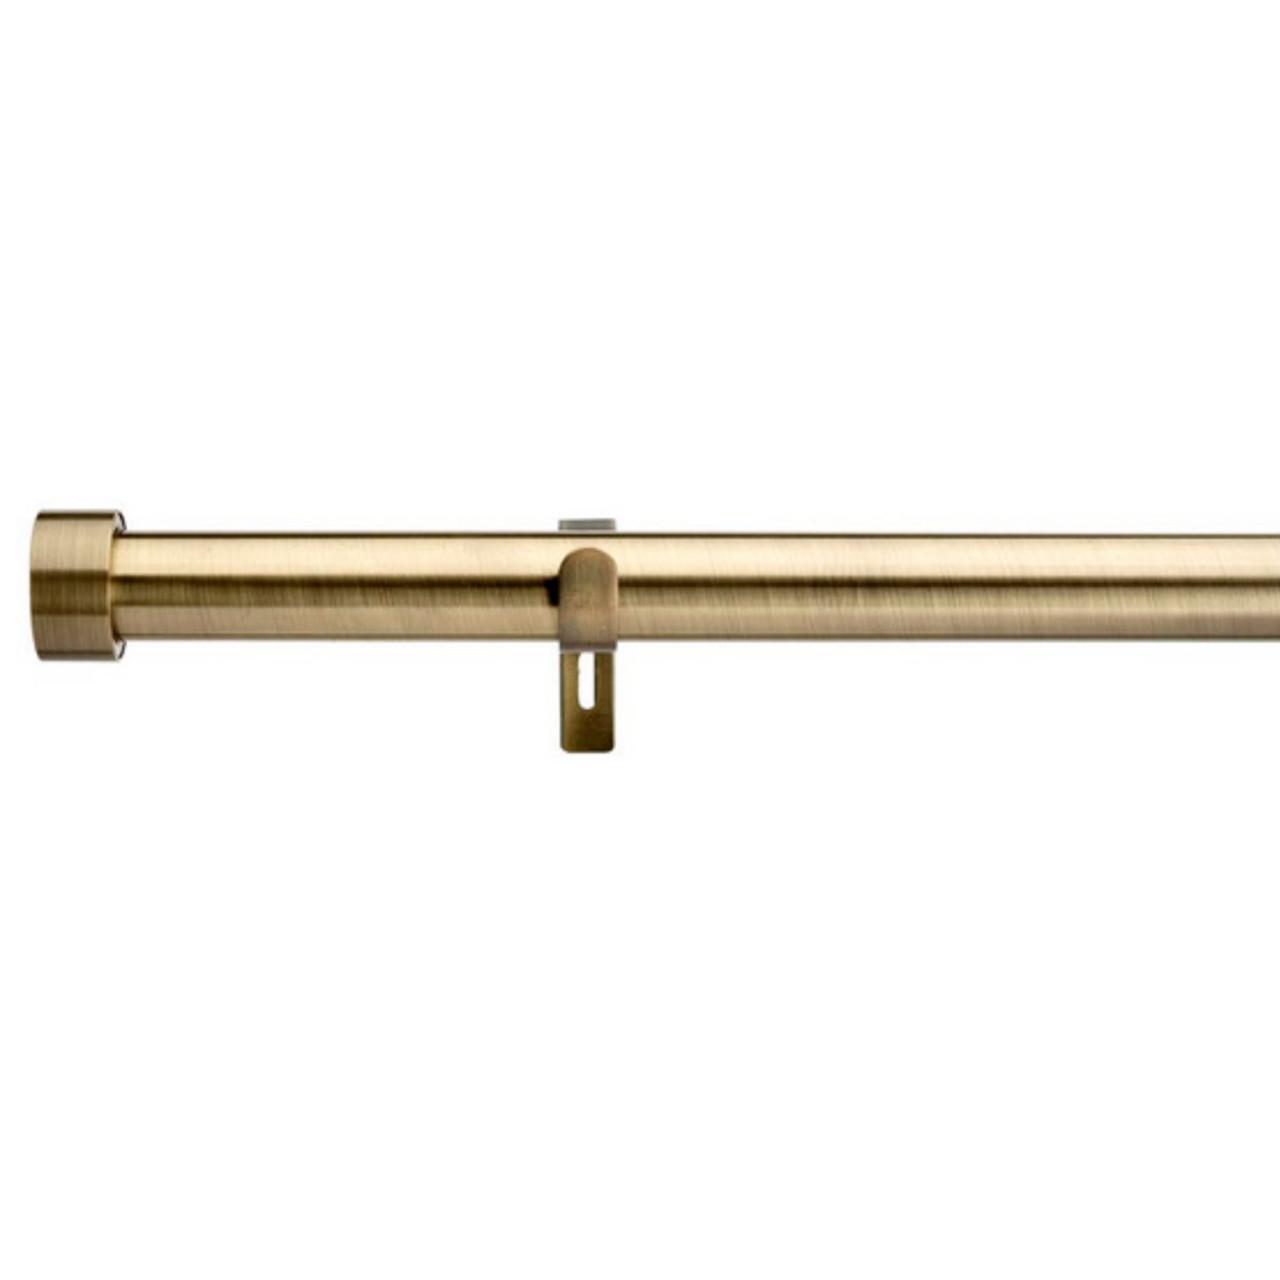 Curtain Rod Extendable Set 80cm To 300cm Contemporary Brass Quickfit
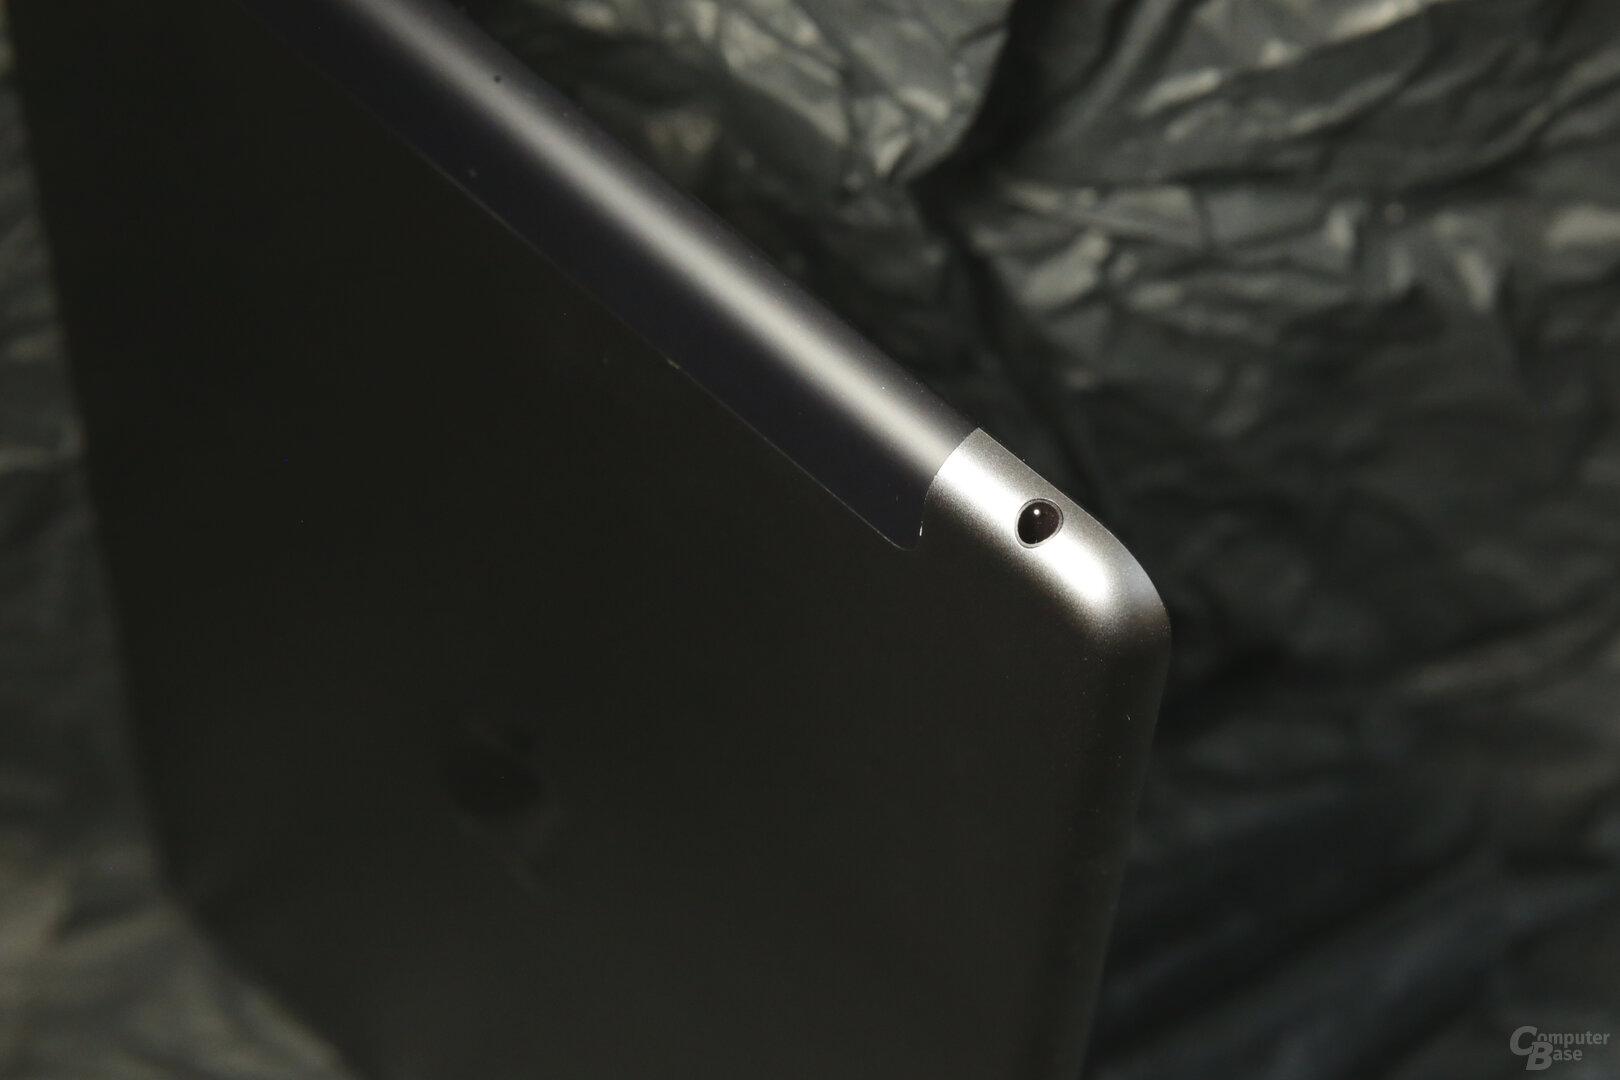 Letzes großes iPad mit 3,5-mm-Kopfhörerbuchse
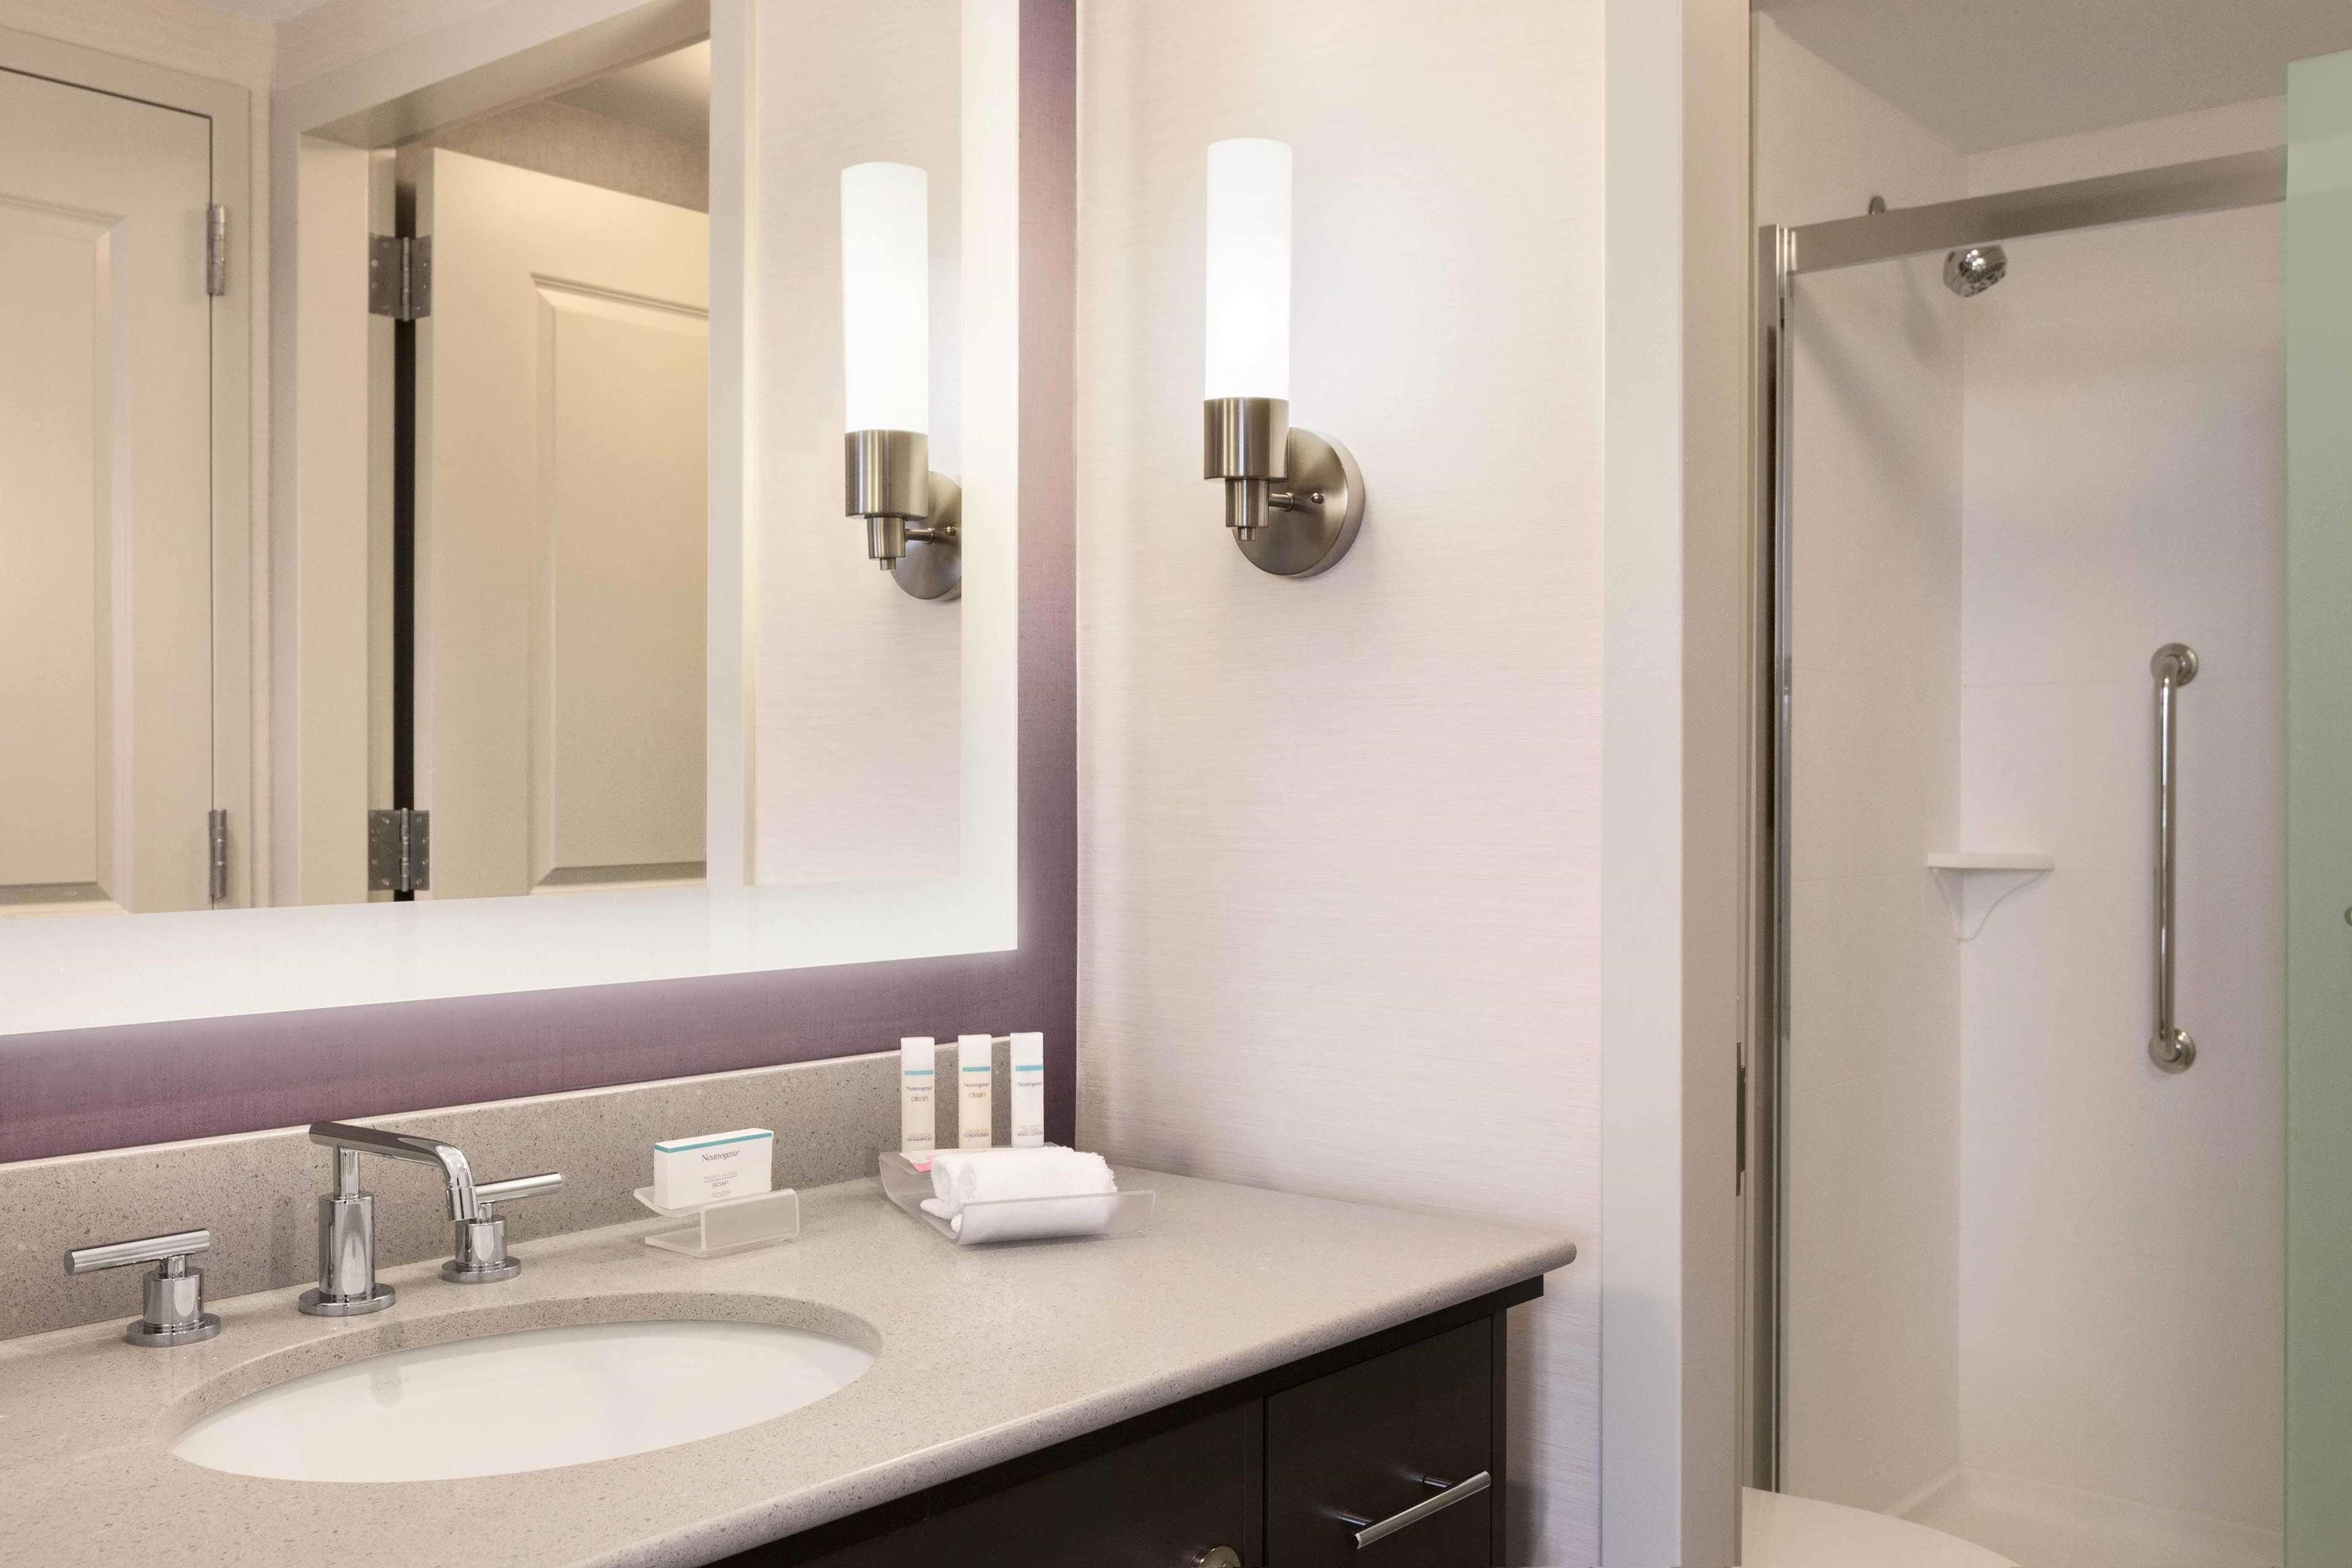 Homewood Suites by Hilton Washington DC Convention Center image 19

# [WHAT TO WORK ON]
Reproduce every line of the material precisely, omitting its pictures.

# [ANSWER TO THIS TASK]
 Curtain Rod Extendable Set 80cm To 300cm Contemporary Brass Quickfit
 Letzes großes iPad mit 3,5-mm-Kopfhörerbuchse
 Homewood Suites by Hilton Washington DC Convention Center image 19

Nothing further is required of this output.